However, because there is so much information available for
searching, the search results are just as daunting to review for
the desired information as the volumes of information from which
the results were obtained.
[0009] The web was designed to cater humans needs in a way that
each human wanting information from a specific part of the web
would have to personally navigate through the web either using
search or other methods, find it and use it in a way that the
makers the document decided. Web designing, navigation, search
engine optimization became important for website owners only
because they were directly talking to humans with minimal
personalization.
[0010] Today's technology advancements such as smart phones, faster
Internet and processing speeds led to existence of personalized
agents. These computer entities act on behalf of users and instead
of humans go after information on the web, they discover, normalize
and personalize these information for their human owners so that it
would benefit them. However, these personalized computer agents
simply cannot read a web page as a human does. Each web page has a
source code that only is readable by humans once rendered by a web
browser. Often these codes are very unstructured that it would not
make sense for anyone to look at this code and to understand.

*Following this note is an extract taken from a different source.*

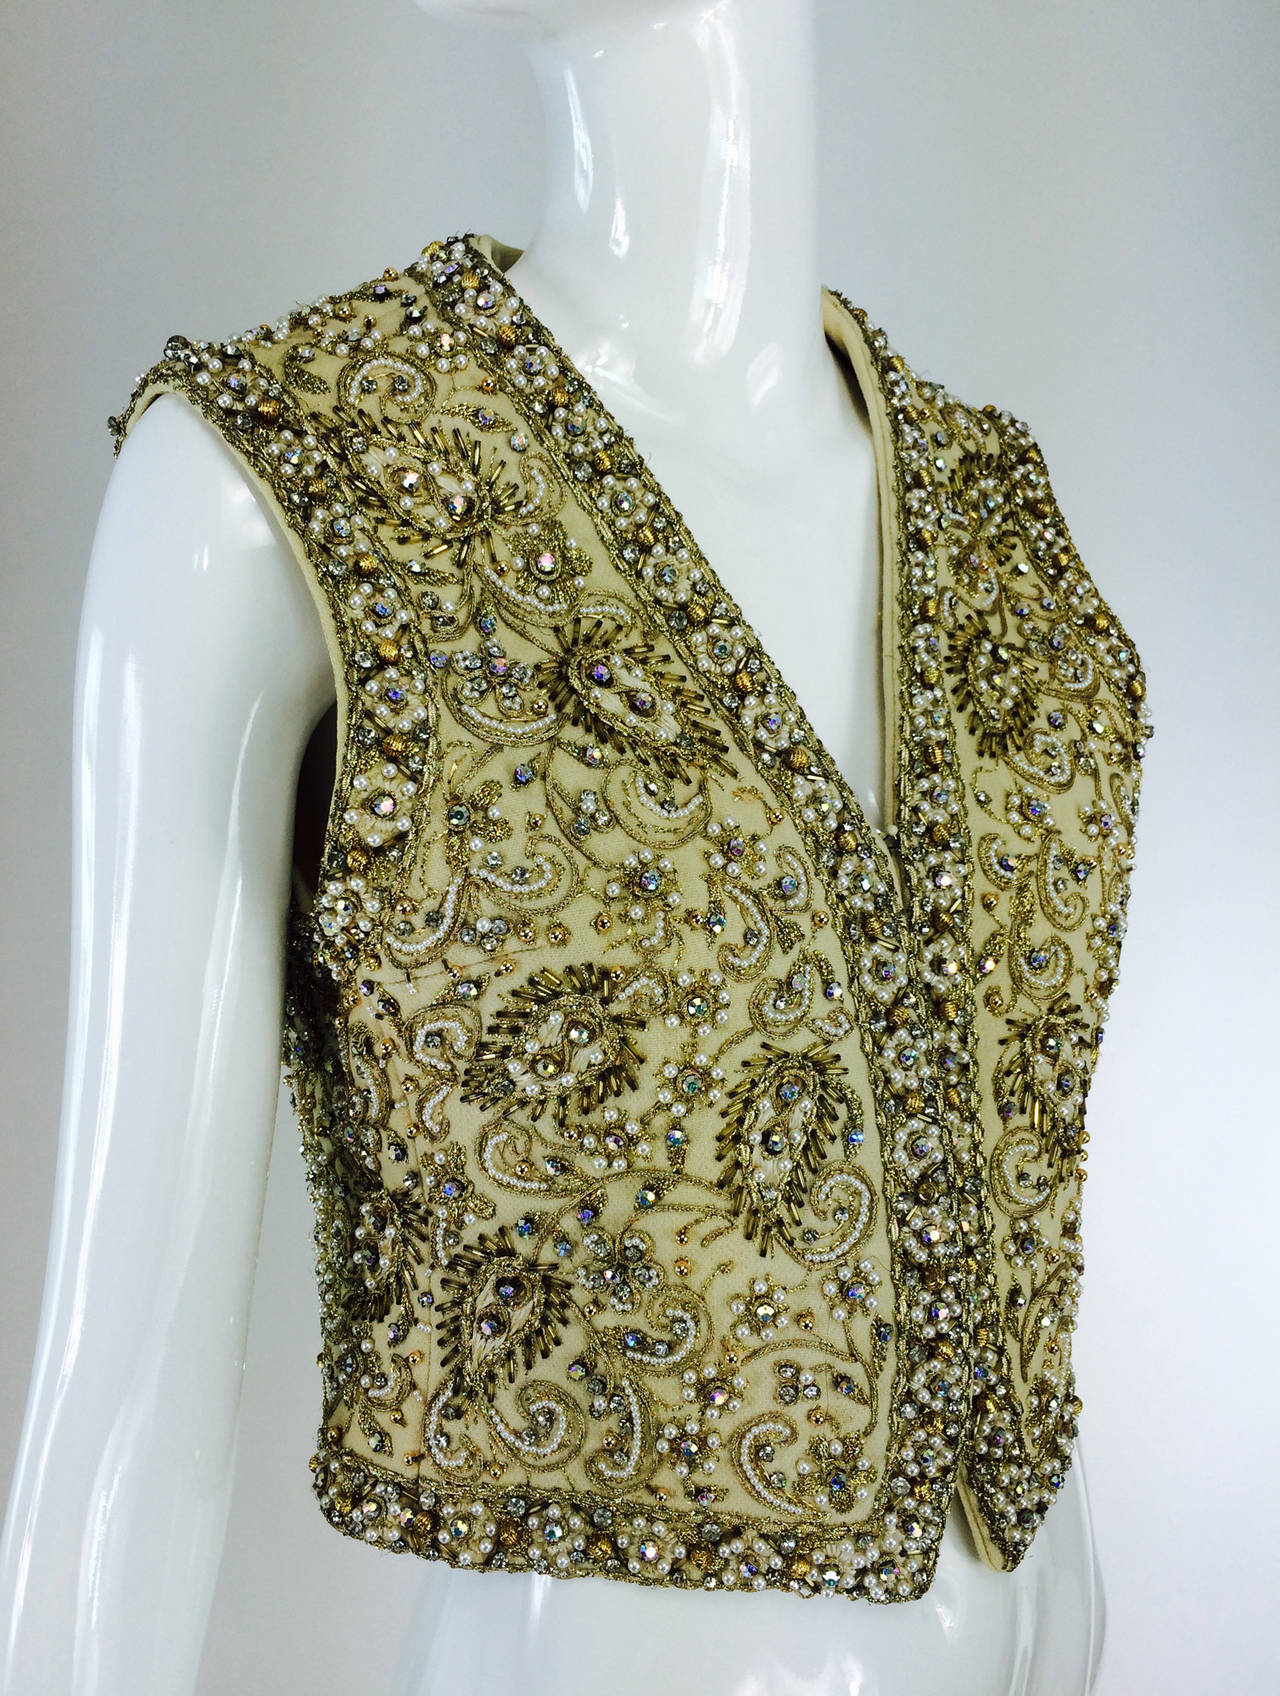 Marie McCarthy for Larry Aldrich gold sequin & rhinestone beaded vest 1960s...This beautiful vest of cream wool is heavily covered in glittery crystal sequins and beads, pearls, gold cord work, and gold beading...From the mid 1960s..Fully lined in

[0011] The texts in these documents are in a language that humans
understand, not computer bots or agents. Also images and video are
designed specifically for humans.
[0012] There is a currant and as yet unresolved disconnect between
these personalized computer agents (machines) which cannot read,
translate and extract from web pages as a human can and the need
for advanced searching by such agents on behalf of a human
instructing said agent.
[0013] It is an object of the present invention to obviate or
mitigate the above disadvantages.
SUMMARY OF THE INVENTION
[0014] It is an object of the present invention to create an object
to object search platform.
[0015] It is a further object of the invention to enable a machine
(for example an agent) to read, translate and extract from web
pages as a human can and to search on behalf of a human instructing
said machine.
[0016] It is a further object of the present invention to collect a
database of machine readable properties, features and traceable
locations of real objects and to use such a database in a search
platform to search, locate and/or identify such objects on the web
by human input to a machine of image and/or oral cues relating to
the object.
[0017] It is a further aspect of the present invention to enable a
human user to input descriptors, features, and/or images relating
to an object to a machine enabled search platform and to enable
searching via the search platform to locate such object on the
web.
[0018] The present invention provides, in one aspect, a computer
implemented method of making a machine to machine structured data
search platform, such platform enabling searching by a user
employing image and/or oral cues, which method comprises one or
more of the following steps, alone or in combination: [0019] a)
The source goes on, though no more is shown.